Wednesday, July 14, 2010

Retraction?

I have been thinking over and over the last couple days to either delete the blog/'venting session' or write a retraction. I know it might have seemed over the top and quite emotional but in that very moment that is probably how I was feeling. Actually that was how I was feeling.

For the past five years I have been trying to skip the whole 'fakeness' and concentrate on being real and genuine. In our society it is encouraged to act like everything is perfect and 'okay' all the time. Who can really say that life is okay all the time. There are ups and downs---mountains and valleys. It takes the really low valleys to make you really appreciate the view on the mountains.

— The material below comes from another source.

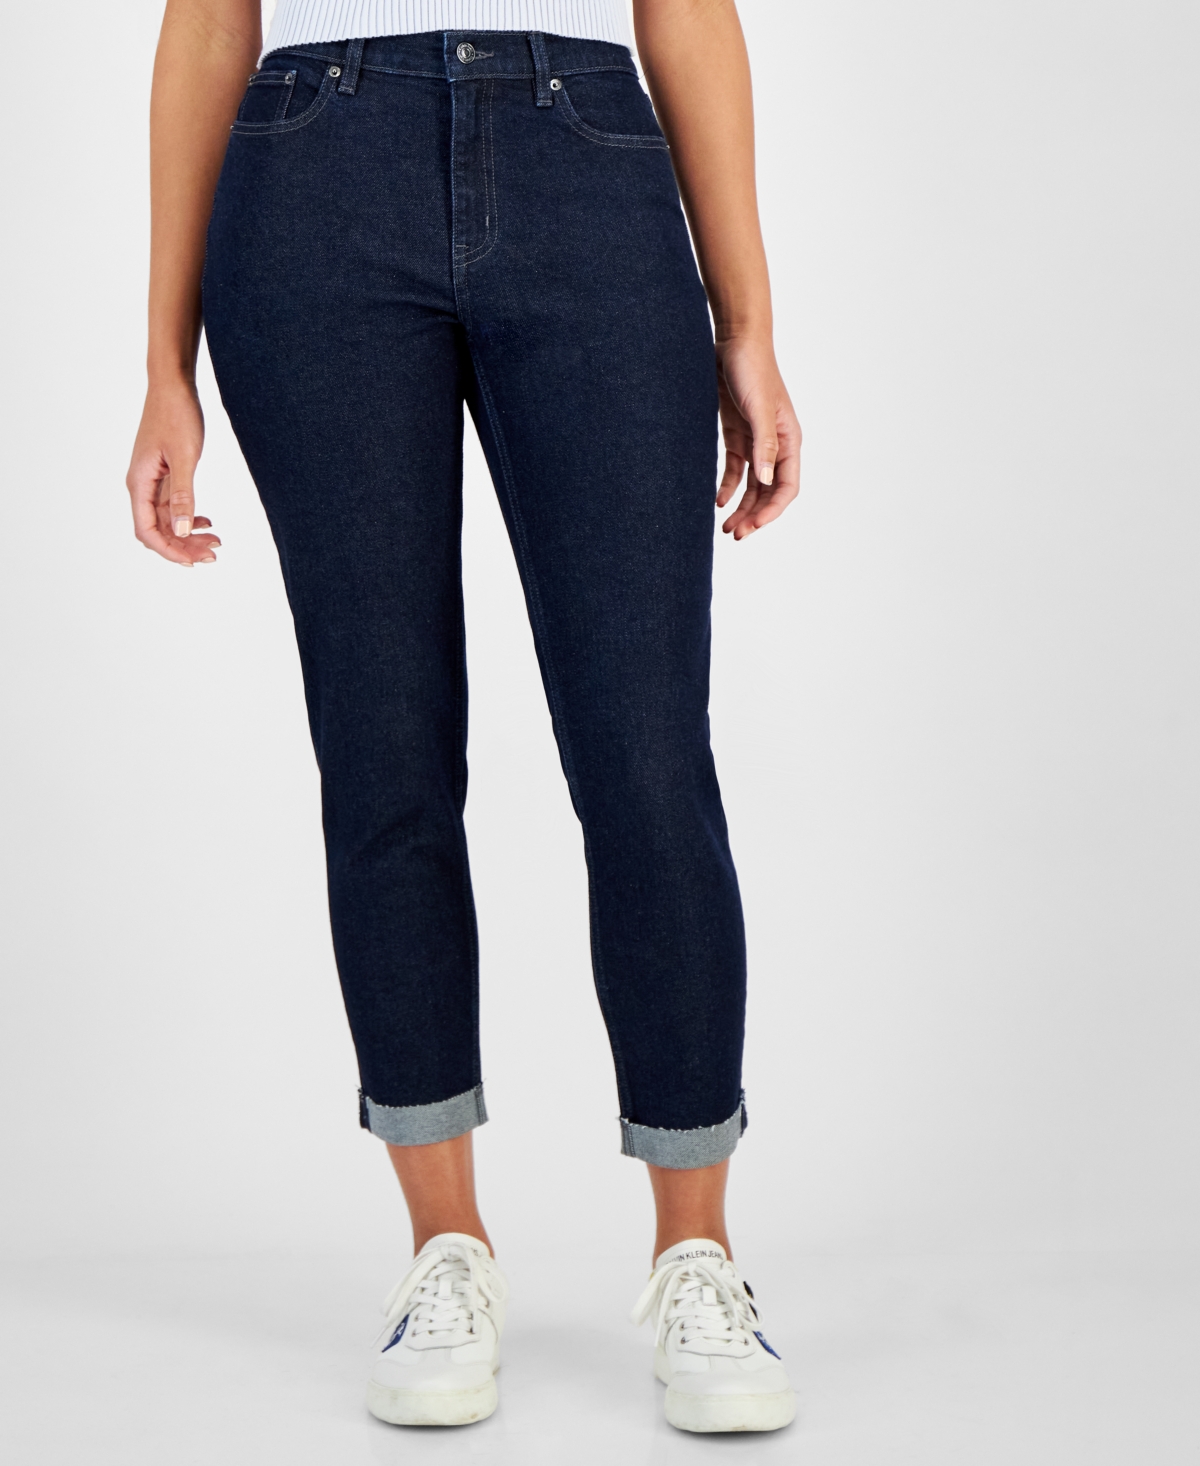 Women's Mid-Rise Tapered Slim Jeans - Concord

I sometimes feel like my blog is a glorified diary. Who lets the world read there diary though? I guess I better keep the emotional blogging to a minimum but at the same time I want to be able to be real with what I'm facing in my life. I'm looking forward to five years down the road reading all my old blogs and giggling to myself. I know that's something I always enjoy doing with my actual journals. It's just fun to see what was so important back then and how much you have grown etc. Maybe my pre-Brent journals were the best to read back on because page after page was about different boys and high school drama---ha ha ha.

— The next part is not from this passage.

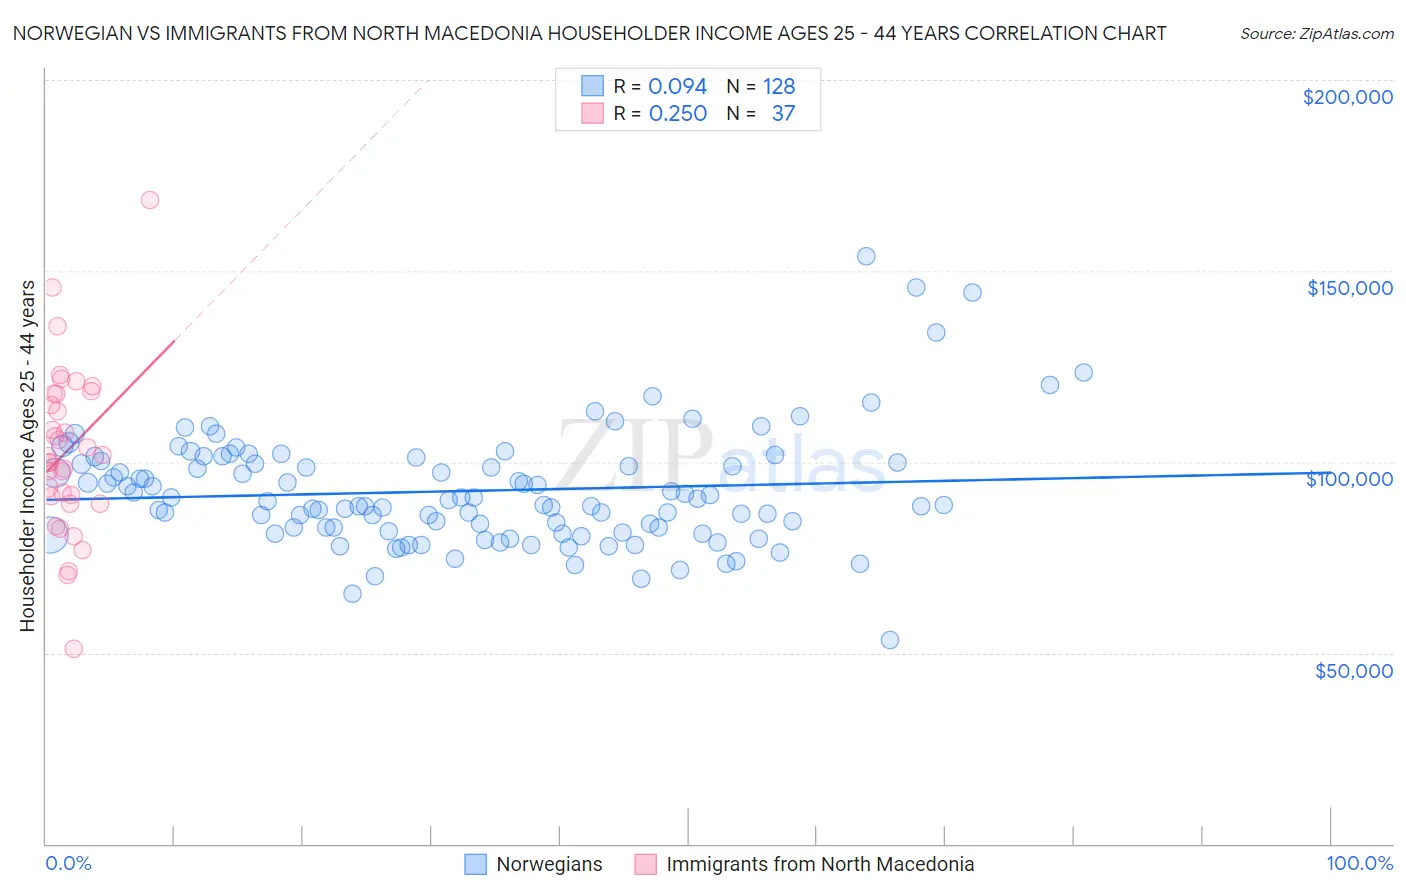 Norwegian vs Immigrants from North Macedonia Householder Income Ages 25 - 44 years

I'm sorry for the drama my blog readers---I am Sheena and sometimes I am a little bit dramatic.

No retraction today-it might be embarrassing to look back and read but it was real and genuine and that is something I am not embarrassed about.

1 comment:

  1. Sheena, no need for retraction, or otherwise. You will look back and laugh, but that's good. We all need to remember where we've come from and where we are now. And we can't do that if we never live in the here and now and look back to reflect. Don't retract, just be you, lovely you!